A preview of the unpublished book A CIVILIZATION WITHOUT A VISION WILL PERISH: AN INDEPENDENT SEARCH FOR THE TRUTH by David Willis. CHAPTER 1: INDIFFERENCE (Part 22). This blog is a review of The Inner Limits of Mankind by Ervin Laszlo, written in 1989
THE INNER LIMITS OF MANKIND
The author
Ervin Laszlo is the recipient of four Honorary Ph.D.s. He received the Japan Peace Prize in 2001 and was nominated for the Nobel Peace Prize in 2004, 2005 and 2006. In 1993 he founded The Club of Budapest, an association of globally active opinion leaders in various fields of art, science, religion, and culture, dedicated to the evolution of our values, ethics, and consciousness in the interest of averting global crisis and creating a peaceful and sustainable civilization. He is the co-founder of the World Wisdom Council, and Chairman of the online university, the World Wisdom Academy.

The Club of Rome
When he was engaged on an international goals research project for the Club of Rome, studying the contributions of over 100 collaborators for the Goals for Mankind, A Report to the Club of Rome on the New Horizons of Global Community, he realized that we have the capacity to sustain the delicate balances of our habitat, and to nourish, house, and provide work, education, and a life of meaning and well-being for 10 billion humans but if we overcrowd cities, overcrop lands, overgraze pastures, overfish lakes and seas, and pollute air, land and water, it is not because the Earth is not rich enough to support us all, but because we use her riches unwisely.

The problems of contemporary society
The Inner Limits of Mankind: Heretical Reflections on Today’s Values, Culture and Politics, written in 1989, is an exposé of the problems of contemporary society and of the urgent need for a fundamental reappraisal of man’s treatment of his planet, in order to effect a radical modification of attitude and behavior if we are to survive. The present obsession of societies for material gain and consumerism, for uncontrolled technology, with little thought of the consequences, simply cannot go on.

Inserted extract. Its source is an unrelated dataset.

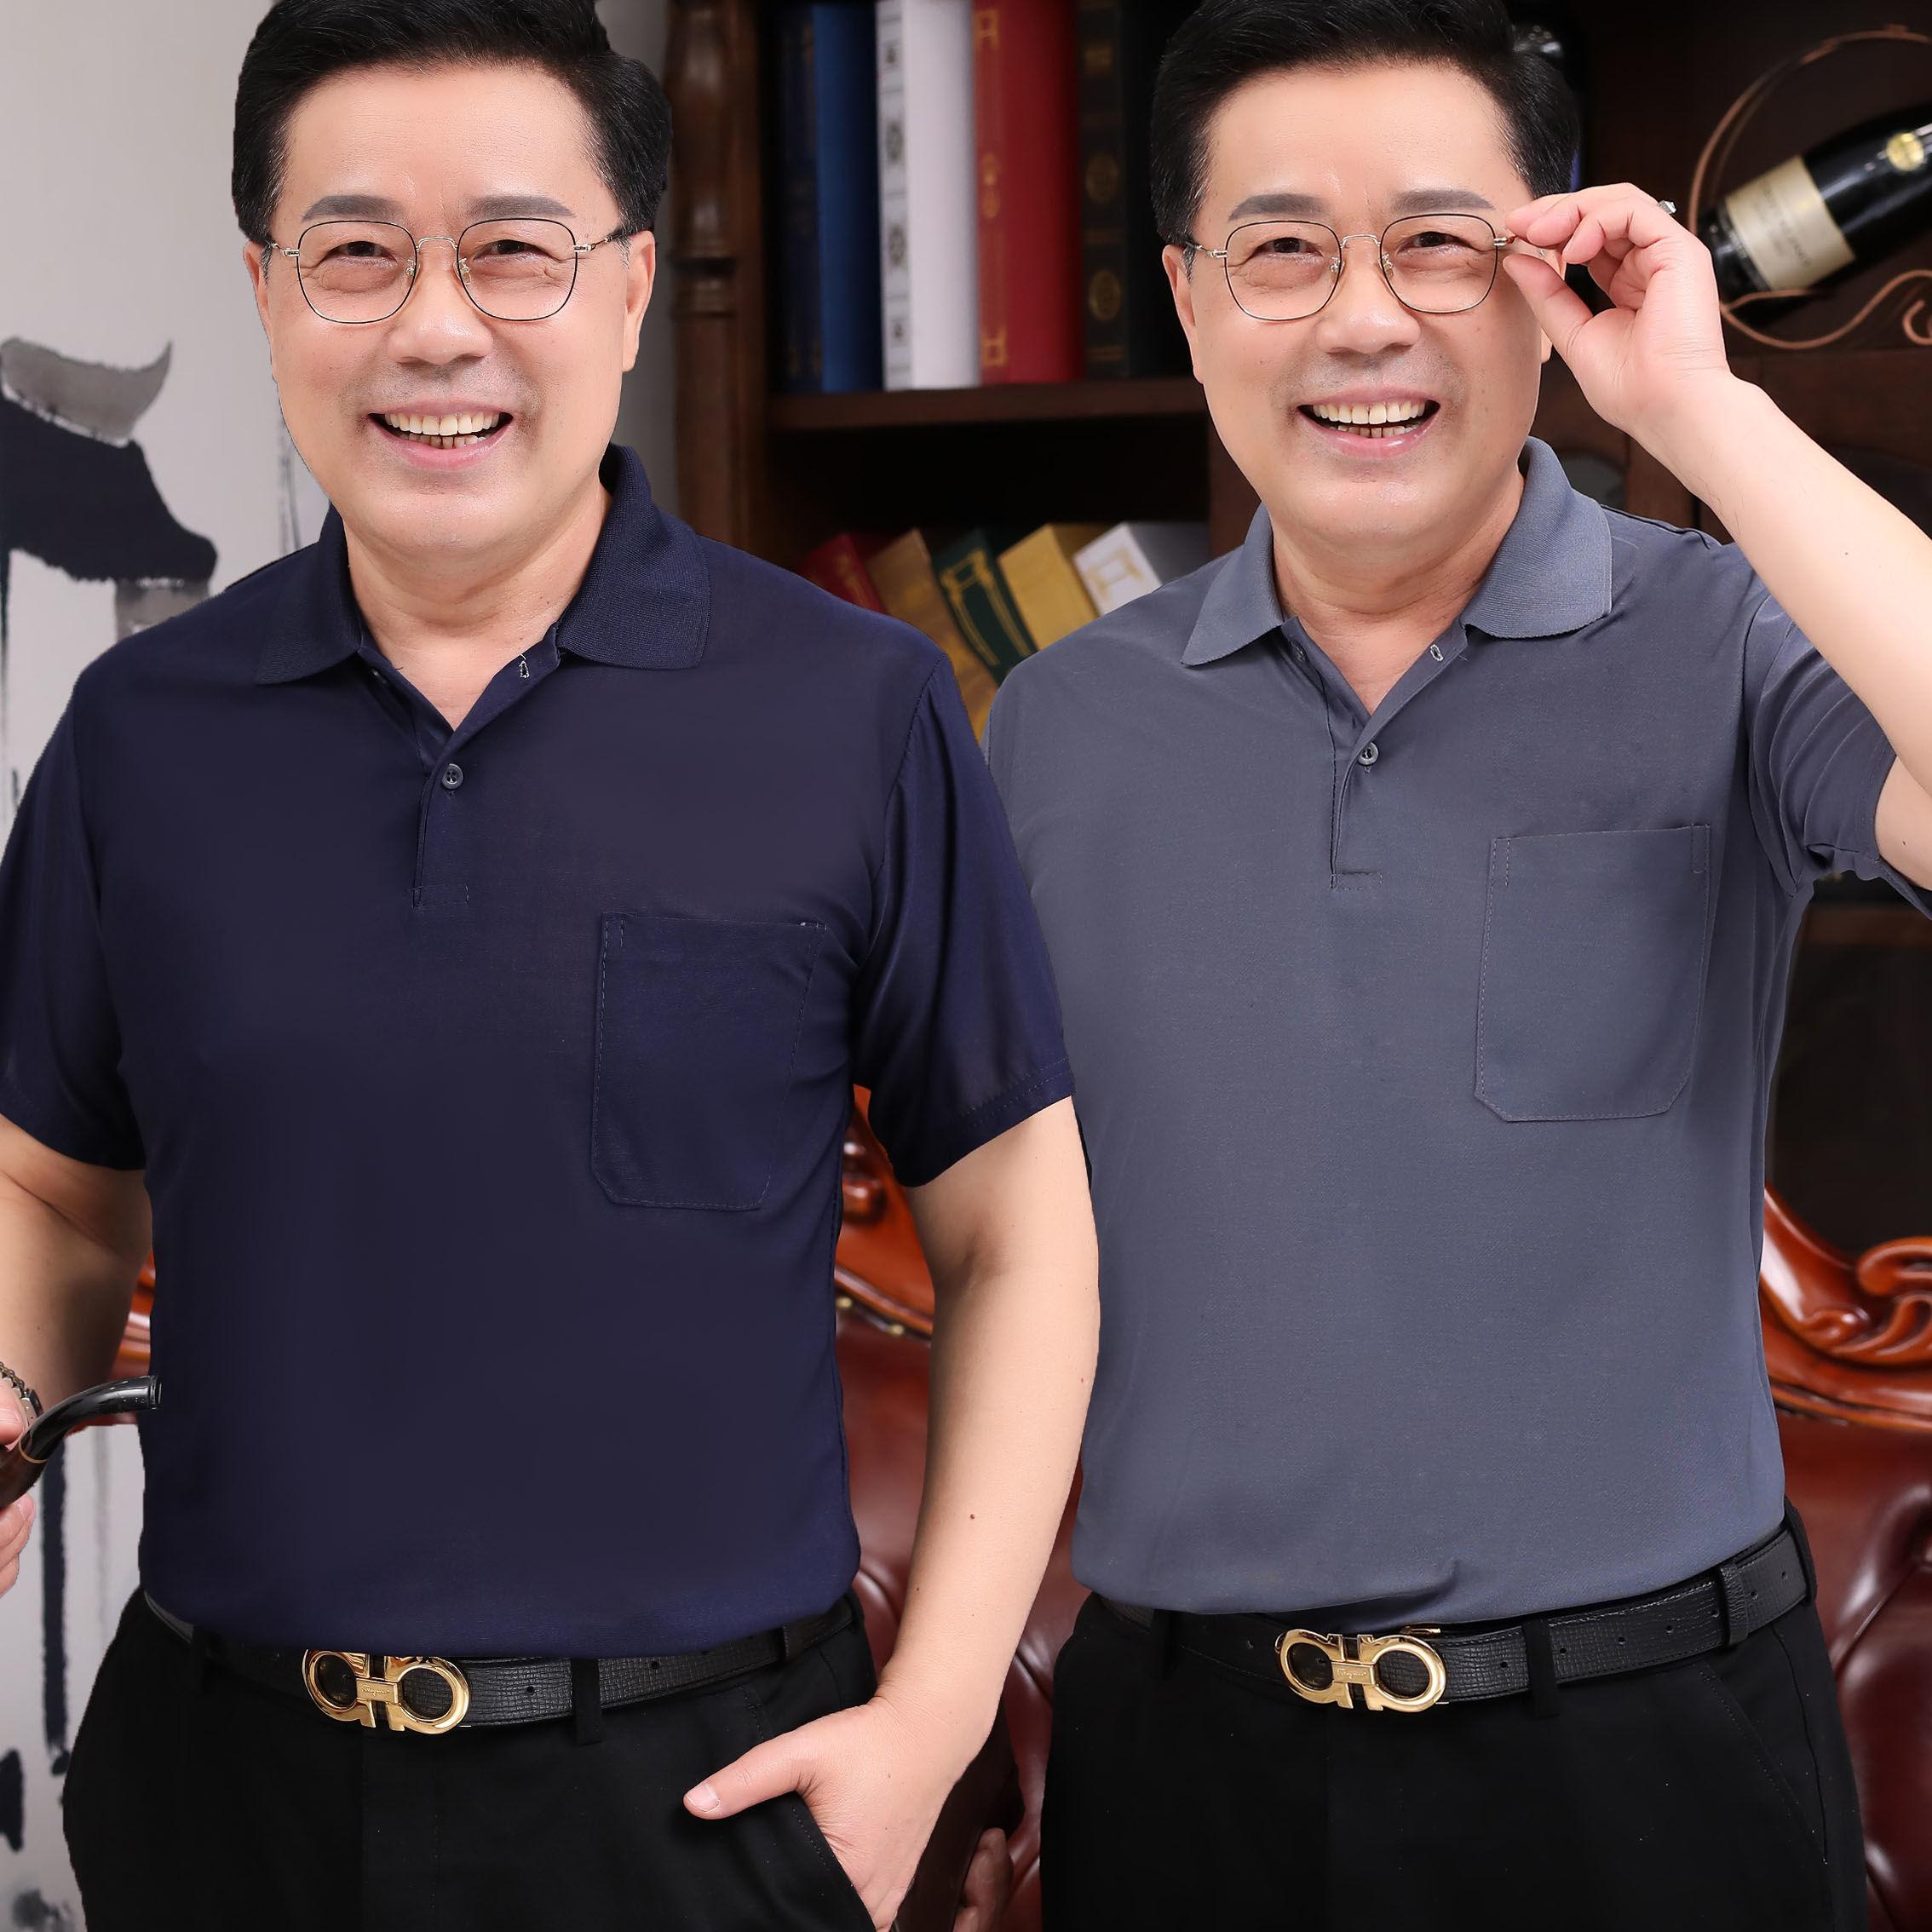 爸爸短袖t恤中年男士宽松上衣服中老年人清凉夏季薄款老爷爷夏装

The post-industrial society
The post-industrial society offers every possibility for a life of quality and dignity, of leisure and modest affluence to all individuals. The transition to this new society will, however, be difficult and could be disastrous. If we drift into it with our present structures and attitudes, the future could be dark indeed. The time has come to discuss humanity’s innermost limits – those of the motivation and private ambitions of all individuals which, when projected to the national scale, may explain the apparently irrational and at times self-destructive behavior of our society.

The most important limits are inner and human
Much has been said in recent times about the outer limits of the planet, but it now appears that the most important limits are inner and human rather than outer and environmental. World population is doubling every few decades and its appetites are increasing even faster, while its wisdom and prudence have not appreciably improved. The result is that the human habitat is being impoverished and degraded at an alarming rate, and we must now take stock very carefully of the physical assets and life-supporting capacity of our terrestrial domain.

Narrow-mindedness and poor self-governance
If mankind is in trouble because environments have been degraded to the danger point, this is certainly not due to external causes, but to narrow-mindedness and poor self-governance. From now on, mankind can either choose to go ahead foolishly, challenging nature, or else seek to live in harmony with it.
Society has not yet been able to reach a higher level of organization
If society has not yet been able to reach the higher level of organization and performance so indispensable nowadays, this is because the evolution of its members, individually and collectively, in no way matches that which they have brought about in everything else, literally revolutionizing life over the entire planet.